EDIT: We really also have to check that $R_P$ is not in fact the zero ring (which is not an integral domain or field). We can do this directly, by checking that $\frac{1}{1}\neq\frac{0}{1}$ (because there is no $s\notin P$ such that $s(1\cdot1-0\cdot 1)=s=0$), or we can do it as follows: The canonical map $f:R\rightarrow R_P$ defined by $f(r)=\frac{r}{1}$ can easily be seen to have kernel $\ker(f)=\{r\in R\mid \exists s\notin P: sr=0\}$. For $R=\mathbb{Z}/6\mathbb{Z}$ and $P=2\mathbb{Z}/6\mathbb{Z}$, note that $\ker(f)=P$, so that by the first isomorphism theorem $R/P$ injects into $R_P$, so that $R_P$ is not the zero ring.

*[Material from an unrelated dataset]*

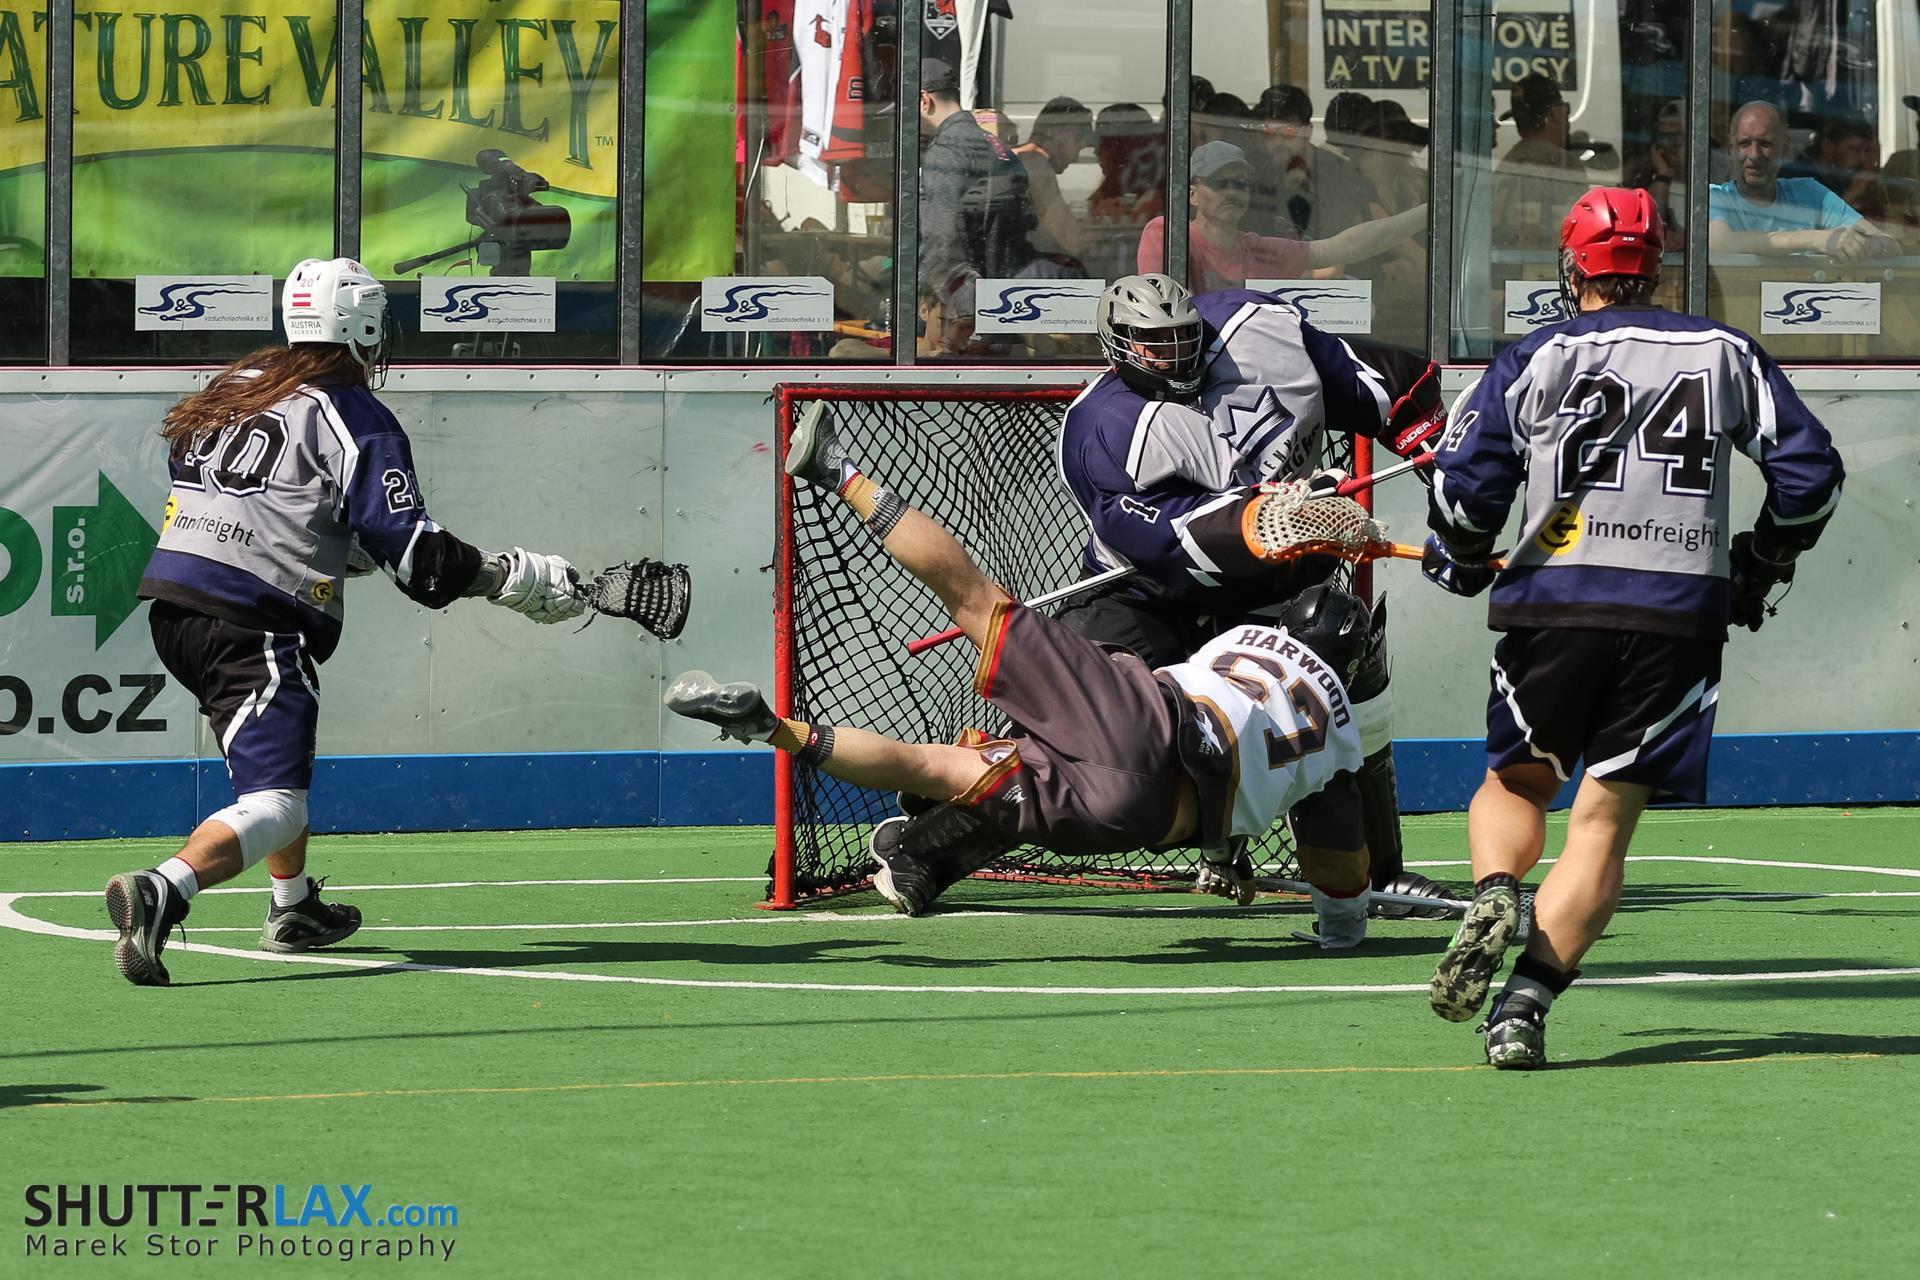 Patrick Falb Vienna Monarchs Austria Lacrosse goalie photo: Marek Stor Shutterlax.com

One simple way to compute this is to exploit the universal property of localization. By definition $\rm\ L\ =\ \mathbb Z/6_{\:(2)}\ =\ S^{-1}\ \mathbb Z/6\ $ where $\rm\ S\ =\ \mathbb Z/6 \ \backslash\ 2\ \mathbb Z/6\ =\ \{\bar 1, \bar 3, \bar 5\}\:.\: $ Hence, since the natural map $\rm\ \mathbb Z/6\ \to\ \mathbb Z/2\ $ maps $\rm\:S\:$ to units, by universality it must factor through $\rm\:L\:,\ $ i.e. $\rm\ \mathbb Z/6\ \to\ L\ \to\ \mathbb Z/2\:.\ $ Thus either $\rm\ L = \mathbb Z/6\ $ or $\rm\ L = \mathbb Z/2\:.\: $ But $\rm\ \bar 3\in S,\ \ {\bar3}^{-1}\not\in \mathbb Z/6\:,\ $ so $\rm\:L \ne \mathbb Z/6\:.\ $ Thus we infer $\rm\:L = \mathbb Z/2\:. $
We first recall the following well known result.
Let $R$ be a commutative ring with unity, $I$ an ideal in $R$ and $S$ a multiplicative closed set in $R$. Let $\bar{S}$ denote the image of $S$ in the quotient ring $\bar{R}=R/I$. Then $\bar{S}^{-1}\bar{R} = S^{-1}R/IS^{-1}R$. (Check the book here.)
Now take $R=\mathbb{Z}$, $I=6\mathbb{Z}$ and $S=\mathbb{Z}-2\mathbb{Z}$. Then $\bar{\mathbb{Z}}_{(\bar{2})}= \bar{S}^{-1}\bar{R} = S^{-1}R/IS^{-1}R = \mathbb{Z}_{(2)}/ 6\mathbb{Z}_{(2)} = \mathbb{Z}_{(2)}/ 2\mathbb{Z}_{(2)}$ {since 3 is a unit in $\mathbb{Z}_{(2)}$; $2 \mathbb{Z}_{(2)}$ = $6 \mathbb{Z}_{(2)}$} = $\mathbb{Z}/2\mathbb{Z}$.